No primeiro caso, há descentralização privada; nas quatro hipóteses seguintes há descentralização

administrativa (autoadministração); no último caso há descentralização política (autogoverno).

4. Limites da descentralização

A descentralização tem de ser submetida a determinados limites. São estes de três ordens: limites a

todos os poderes da Administração, e portanto também aos poderes das entidades descentralizadas;

limites à quantidade de poderes transferíveis para as entidades descentralizadas; limites ao exercício dos

poderes transferidos.

Os de primeiro tipo são várias, tendo como exemplo o caso em que a lei delimita as atribuições e

competências de uma autarquia local.

Dos de segundo tipo fala o art. 267º/2 CRP, quando dispõe que a descentralização administrativa

será estabelecida por lei” sem prejuízo da necessária eficácia e unidade de ação”.

Os de terceiro tipo são os que resultam, sobretudo, da intervenção do Estado na gestão das autarquias

locais. De todas as formas possíveis de intervenção, a mais importante é a tutela administrativa.

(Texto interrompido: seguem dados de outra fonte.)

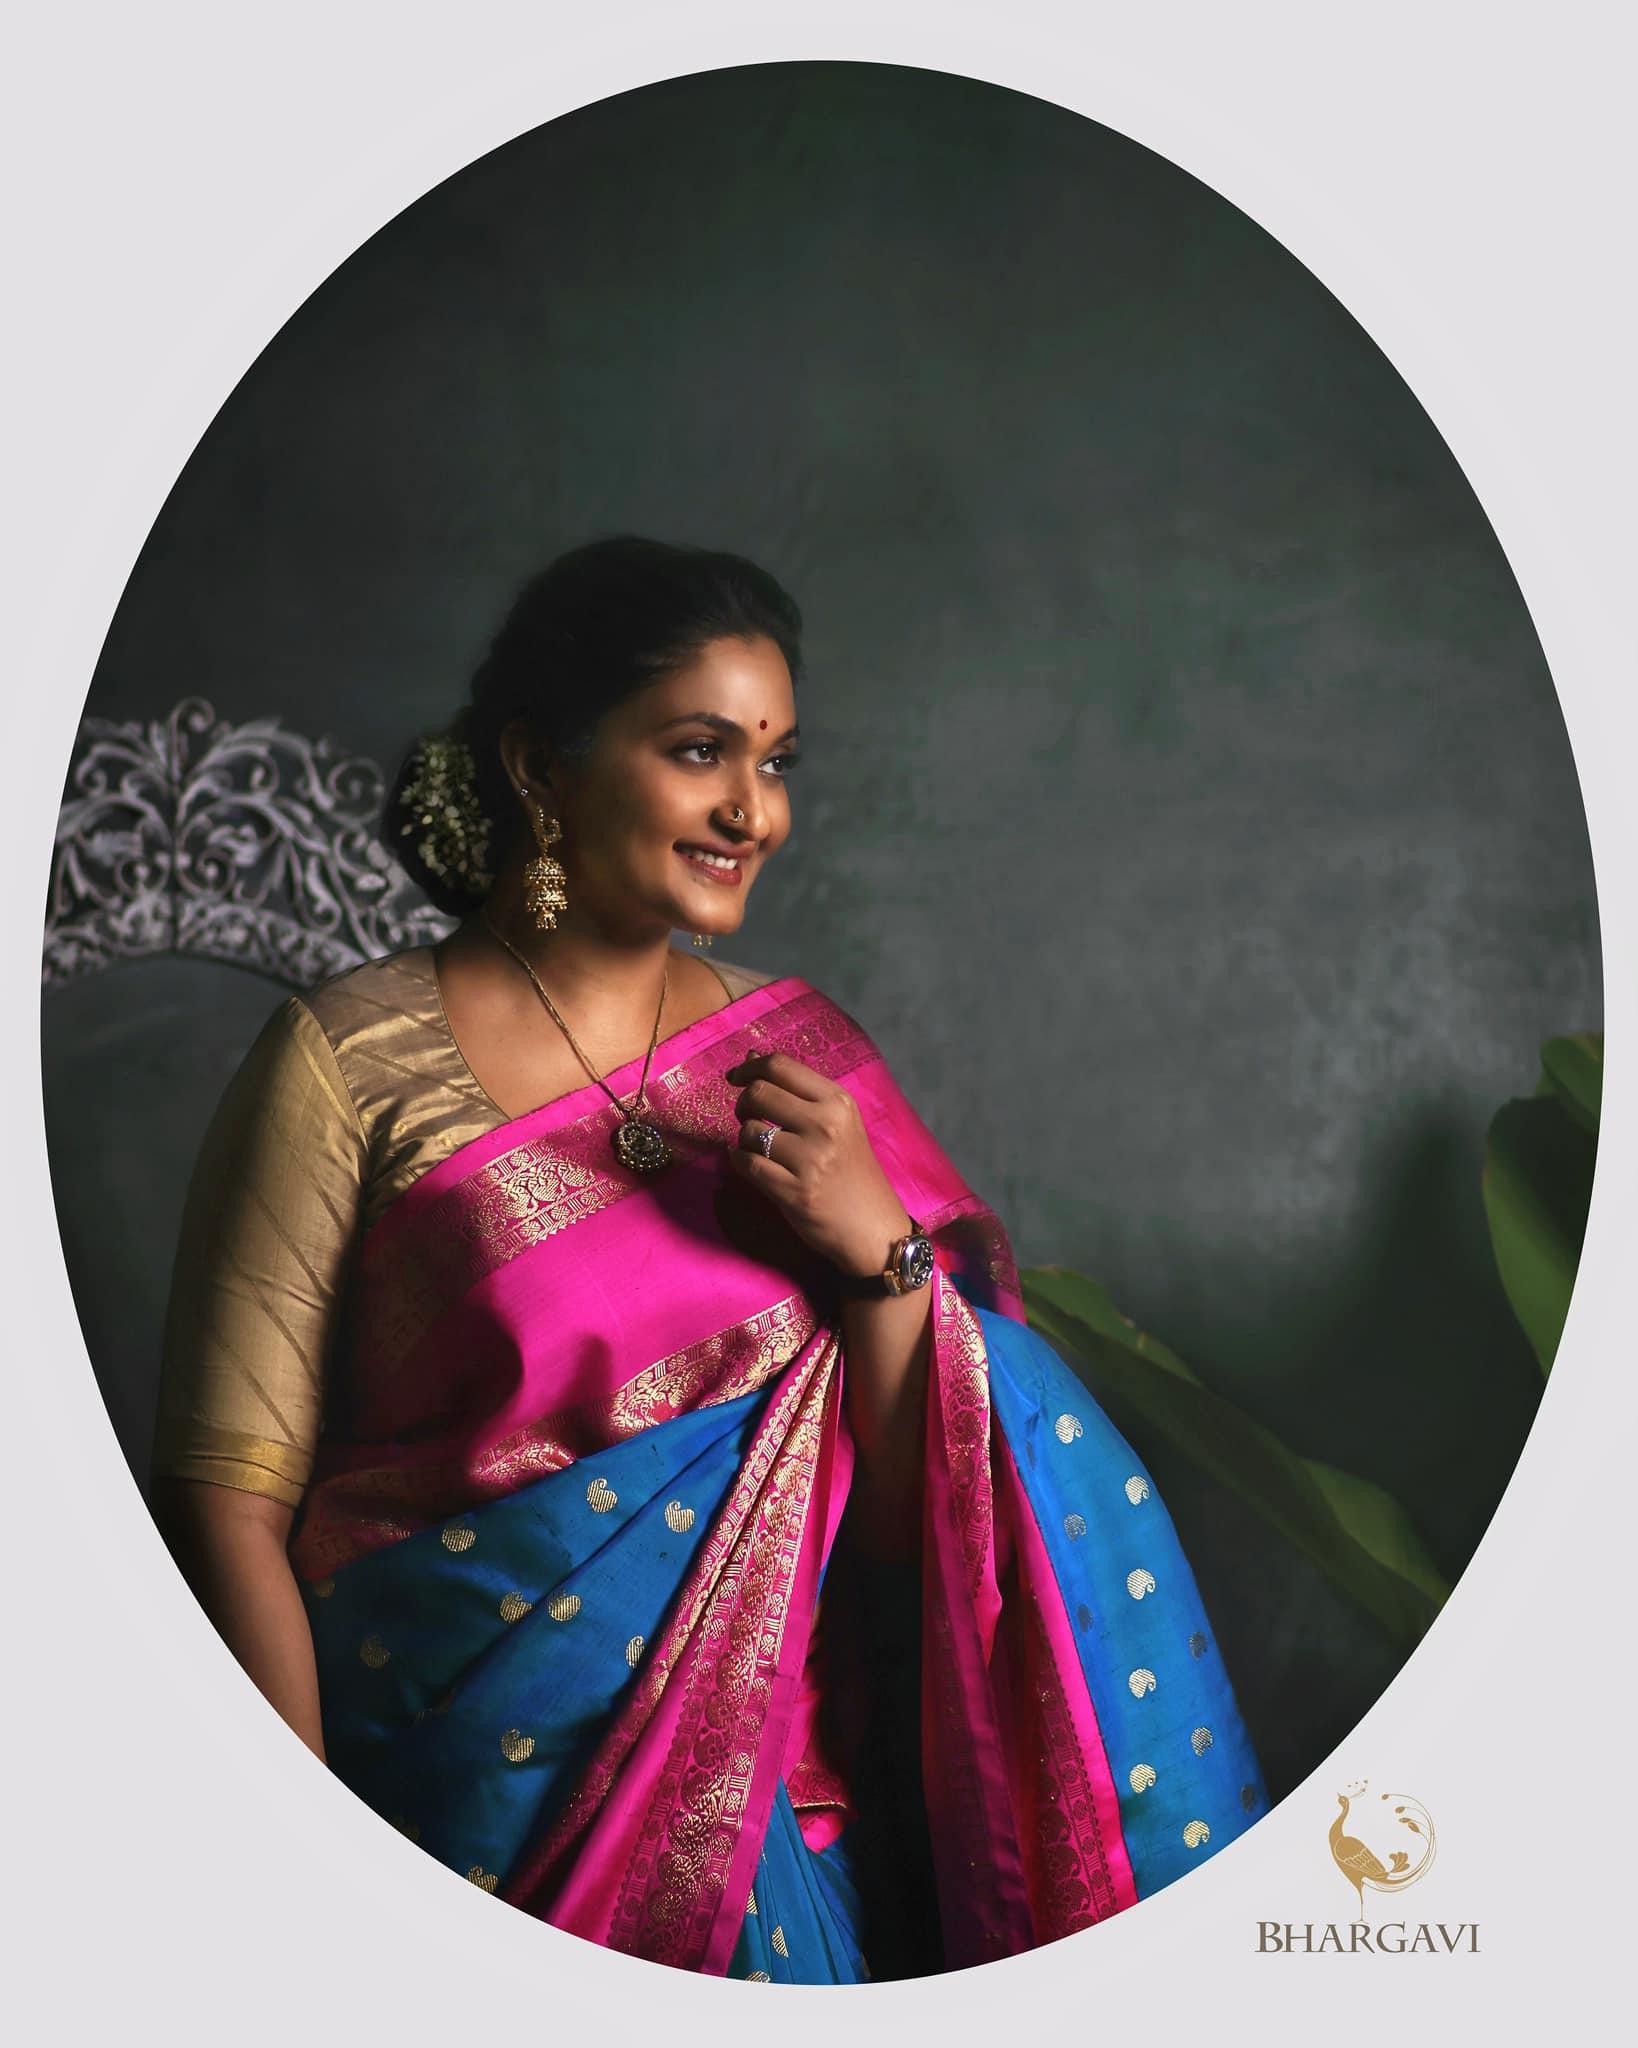 Beautiful designer Bhargavi Kunam in powder blue and pink color combination kanjeevaram saree.   2021-09-21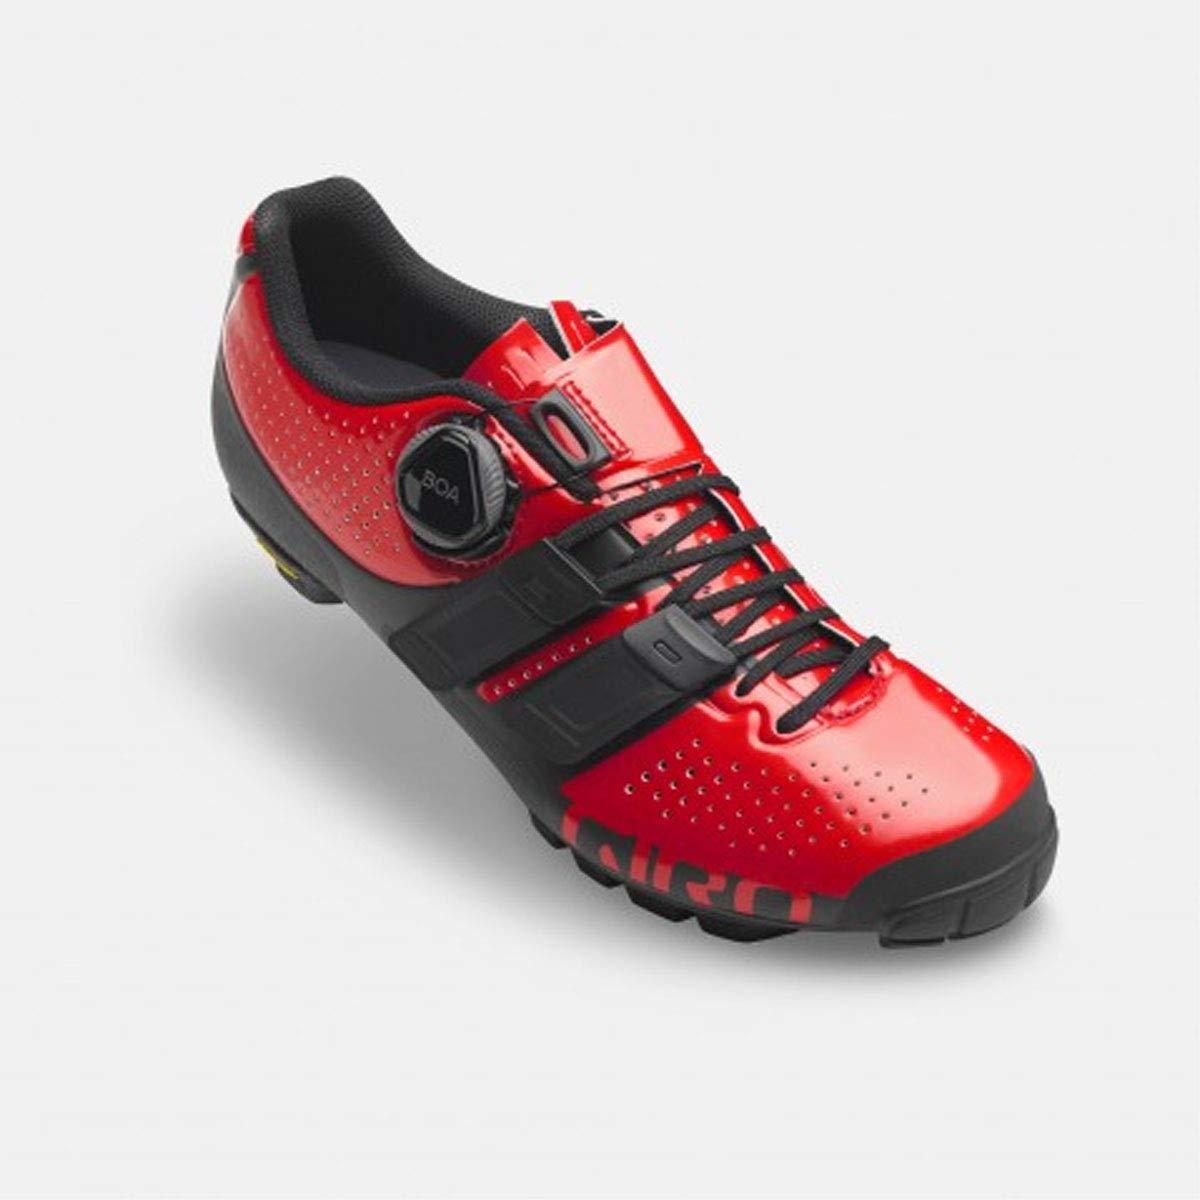 Giro SICA Techlace Damen MTB Fahrrad Schuhe rot rot rot schwarz 2019 d03bc5

5. A tutela administrativa. Conceito

A tutela administrativa é o conjunto de poderes de intervenção de uma pessoa coletiva pública na gestão

de outra pessoa coletiva, a fim de assegurar a legalidade ou o mérito da sua atuação. Tem então como

caraterísticas:

 Pressupõe duas pessoas coletivas distintas: uma a pessoa tutelar e outra a tutelada;

 Uma delas é necessariamente uma pessoa coletiva pública, sendo que a outra o será na maior

parte dos casos;

 Os poderes de tutela são de intervenção na gestão de uma pessoa coletiva;

 O fim da tutela administrativa é assegurar, em nome da entidade tutelar, que a entidade

tutelada cumpra as leis em vigor e garantir que sejam adotadas soluções convenientes e

oportunas para a prossecução do interesse público.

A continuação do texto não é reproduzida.